---------- Supplied material

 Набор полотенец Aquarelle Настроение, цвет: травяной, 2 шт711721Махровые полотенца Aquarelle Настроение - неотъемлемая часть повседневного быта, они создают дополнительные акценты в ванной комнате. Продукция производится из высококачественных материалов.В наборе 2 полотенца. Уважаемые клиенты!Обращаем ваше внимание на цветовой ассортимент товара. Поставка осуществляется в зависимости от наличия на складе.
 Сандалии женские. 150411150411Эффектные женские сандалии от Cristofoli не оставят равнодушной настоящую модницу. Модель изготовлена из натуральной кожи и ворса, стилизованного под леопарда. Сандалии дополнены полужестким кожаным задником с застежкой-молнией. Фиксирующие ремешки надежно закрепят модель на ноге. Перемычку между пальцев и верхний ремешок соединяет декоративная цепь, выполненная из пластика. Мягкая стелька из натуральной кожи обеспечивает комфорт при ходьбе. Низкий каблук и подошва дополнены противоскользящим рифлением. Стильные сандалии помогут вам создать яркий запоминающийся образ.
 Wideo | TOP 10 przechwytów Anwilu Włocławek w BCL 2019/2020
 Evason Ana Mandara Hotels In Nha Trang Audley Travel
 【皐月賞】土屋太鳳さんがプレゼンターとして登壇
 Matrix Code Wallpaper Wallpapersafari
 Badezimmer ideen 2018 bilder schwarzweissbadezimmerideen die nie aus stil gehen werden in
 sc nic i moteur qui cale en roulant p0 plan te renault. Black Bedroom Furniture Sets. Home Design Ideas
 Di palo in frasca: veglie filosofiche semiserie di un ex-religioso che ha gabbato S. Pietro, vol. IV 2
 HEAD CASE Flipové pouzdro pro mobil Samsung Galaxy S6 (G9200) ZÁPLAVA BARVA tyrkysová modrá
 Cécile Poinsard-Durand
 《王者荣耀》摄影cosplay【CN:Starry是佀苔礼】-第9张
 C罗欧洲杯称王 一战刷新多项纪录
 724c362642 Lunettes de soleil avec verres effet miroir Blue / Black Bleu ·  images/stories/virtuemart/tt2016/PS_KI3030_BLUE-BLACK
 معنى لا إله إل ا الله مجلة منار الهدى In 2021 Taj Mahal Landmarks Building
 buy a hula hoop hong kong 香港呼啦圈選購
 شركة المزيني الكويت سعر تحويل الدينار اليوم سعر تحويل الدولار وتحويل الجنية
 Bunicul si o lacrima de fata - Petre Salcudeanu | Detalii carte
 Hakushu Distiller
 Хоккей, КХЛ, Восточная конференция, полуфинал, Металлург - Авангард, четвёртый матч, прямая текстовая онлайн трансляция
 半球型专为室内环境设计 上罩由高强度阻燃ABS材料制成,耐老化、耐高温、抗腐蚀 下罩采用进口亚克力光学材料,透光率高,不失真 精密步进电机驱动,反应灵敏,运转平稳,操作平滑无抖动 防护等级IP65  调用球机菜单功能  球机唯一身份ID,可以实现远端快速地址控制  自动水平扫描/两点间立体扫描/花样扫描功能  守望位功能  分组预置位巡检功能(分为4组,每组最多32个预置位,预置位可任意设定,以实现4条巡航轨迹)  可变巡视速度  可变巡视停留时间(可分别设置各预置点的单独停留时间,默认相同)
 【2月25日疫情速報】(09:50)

--------------------

- _Brief_
Starting at the line that contains "半球型专为室内环境设计 上罩由高强度阻燃ABS材料制成,耐老化、耐高温、抗腐蚀 下罩采用进口亚克力光学材料,透光率高,不失真", copy every line down to the last line of the records above, exactly as written.

- _Response_
 半球型专为室内环境设计 上罩由高强度阻燃ABS材料制成,耐老化、耐高温、抗腐蚀 下罩采用进口亚克力光学材料,透光率高,不失真 精密步进电机驱动,反应灵敏,运转平稳,操作平滑无抖动 防护等级IP65  调用球机菜单功能  球机唯一身份ID,可以实现远端快速地址控制  自动水平扫描/两点间立体扫描/花样扫描功能  守望位功能  分组预置位巡检功能(分为4组,每组最多32个预置位,预置位可任意设定,以实现4条巡航轨迹)  可变巡视速度  可变巡视停留时间(可分别设置各预置点的单独停留时间,默认相同)
 【2月25日疫情速報】(09:50)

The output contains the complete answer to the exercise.